How to Contract hosted a webinar with Laura Belmont, General Counsel at Civic Analytics, and Bill Price, a three-time tech General Counsel now doing fractional work after selling SunGard. Laura Frederick led the conversation. Laura Belmont brought the customer angle, drawn from running legal at a data platform company that handles sensitive records at scale. Bill brought the vendor angle, drawn from twenty-five years of negotiating limits of liability. Having both sides on the same AI-drafted sample provisions surfaced where the standard language quietly favored one party and where small drafting moves could swing the recovery.

The conversation worked through three core problem areas. How to size and structure super caps for data and AI claims. How to treat data breach and AI failure as distinct categories in the exclusions. And how to draft consequential damages carve outs that actually restore the damages that matter. Definitions, interplay between clauses, and the difference between language that looks protective and language that delivers protection ran through everything.

Here are our top ten takeaways from the speakers' comments during the webinar:

  1. The standard limit of liability template no longer matches the risk profile. The clause allocated risk for foreseeable, discrete harms that tracked contract value. Data and AI exposure does not work that way. A vendor processing millions of records for a few thousand dollars a year can generate breach exposure orders of magnitude larger than the cap. Recognize that the starting template is the problem, not just the numbers inside it.

  2. Read the cap and the exclusions as a single system. Beautiful carve out language did nothing for the customer if a separate cap somewhere else swallowed the recovery. The cap and the exclusions had to be negotiated together. Map out what an actual incident would cost, then walk it through the full provision to see what got recovered and what got eaten by another clause. That exercise also surfaced the interplay with consequential damages, which often did more to limit recovery than the cap itself.

  3. A floor on the super cap is a vendor problem when fees are low. A hundred-thousand-dollar floor sounded reasonable in the bricks-and-mortar world. It looked very different when the contract value was a few thousand dollars a month. Tying the super cap to a multiplier on fees, with an ultimate ceiling, kept the cap proportionate. Vendors selling low-fee AI tools should push back on inherited floor structures that no longer match the economics.

  4. Tie the customer-side cap to record volume, not fees. A cap based on fees paid did not track exposure. Exposure tracked the number of records affected, the regulatory regime, and the type of data involved. Personal information, protected health information, and financial information each pulled in different notification and remediation costs. Adding language that triggered a higher cap for incidents above a defined record threshold pulled the provision closer to the variable that actually drove damages.

  5. Treat data breaches and AI failures as distinct categories. Pooling them into a single cap or a single exclusion meant a customer who got hit with both in the same year drew from the same limited bucket. The harms had different profiles. A data breach was a traceable event. An AI failure was usually systematic and delayed in detection. Draft each as its own defined term with its own cap and its own exclusion treatment.

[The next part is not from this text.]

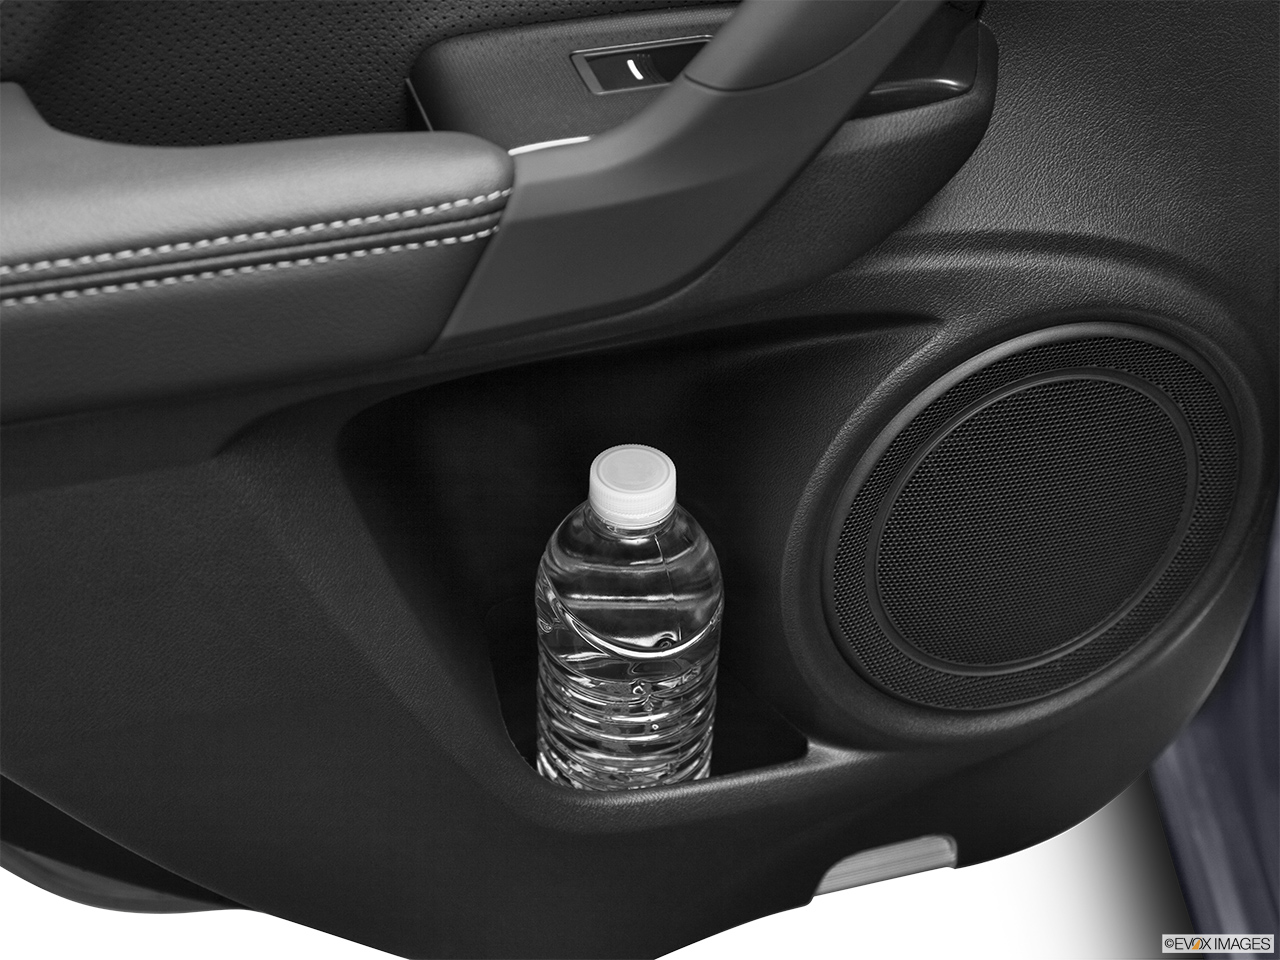 2012 Acura TSX V6 Second row side cup holder with coffee prop, or second row door cup holder with water bottle.

  6. Watch the "arising out of or related to" language in cap provisions. That phrase looked like ordinary breadth-of-coverage drafting. It could also pull third-party claims into the cap calculation, which was where most of the real exposure lived. The vendor could argue every downstream consumer claim was "related to" the incident and therefore counted against the cap. Customers should make sure cap language addressed direct claims against the provider, and that third-party claims rode under the indemnification framework instead.

  7. Confidentiality and data security are not the same thing. A confidentiality exclusion might or might not cover a data security incident depending on how the contract defined the terms. Vendors with a cap interest argued either direction depending on what helped. The customer's protection turned on a definitional question that often went unexamined during negotiation. Draw the boundary explicitly so a data security incident did not get pulled into a confidentiality framework that handled it differently.

  8. Always read the confidentiality section when it gets referenced in a limit of liability provision. Confidentiality sections sometimes incorporated the DPA by reference. They sometimes added publicity clauses that pulled in reputational harm. Either could create exposure or recovery the parties did not intend. The reference is doing more work than it looks like.

  9. A consequential damages carve out that does not restore consequential damages does nothing. The standard drafting pattern carved out specific categories from the consequential damages waiver but then left language in place that could be read to restore only direct damages. The biggest exposure, including notification costs, credit monitoring, and regulatory fines, was almost entirely consequential. A carve out that did not affirmatively restore consequential damages within the listed categories was decorative. Add a for-avoidance-of-doubt sentence making clear that restored damages are not subject to the cap mechanic elsewhere in the contract.

  10. Vendors should verify insurance actually covers what the contract promises. Cyber policies often excluded consequential damages. Insurance carriers had not kept up with AI risk. A contractual commitment that exceeded coverage was a problem the vendor would notice only after something went wrong. The A IUC-1 standard was an early attempt to give vendors an objective AI risk framework, and more standards were likely to follow.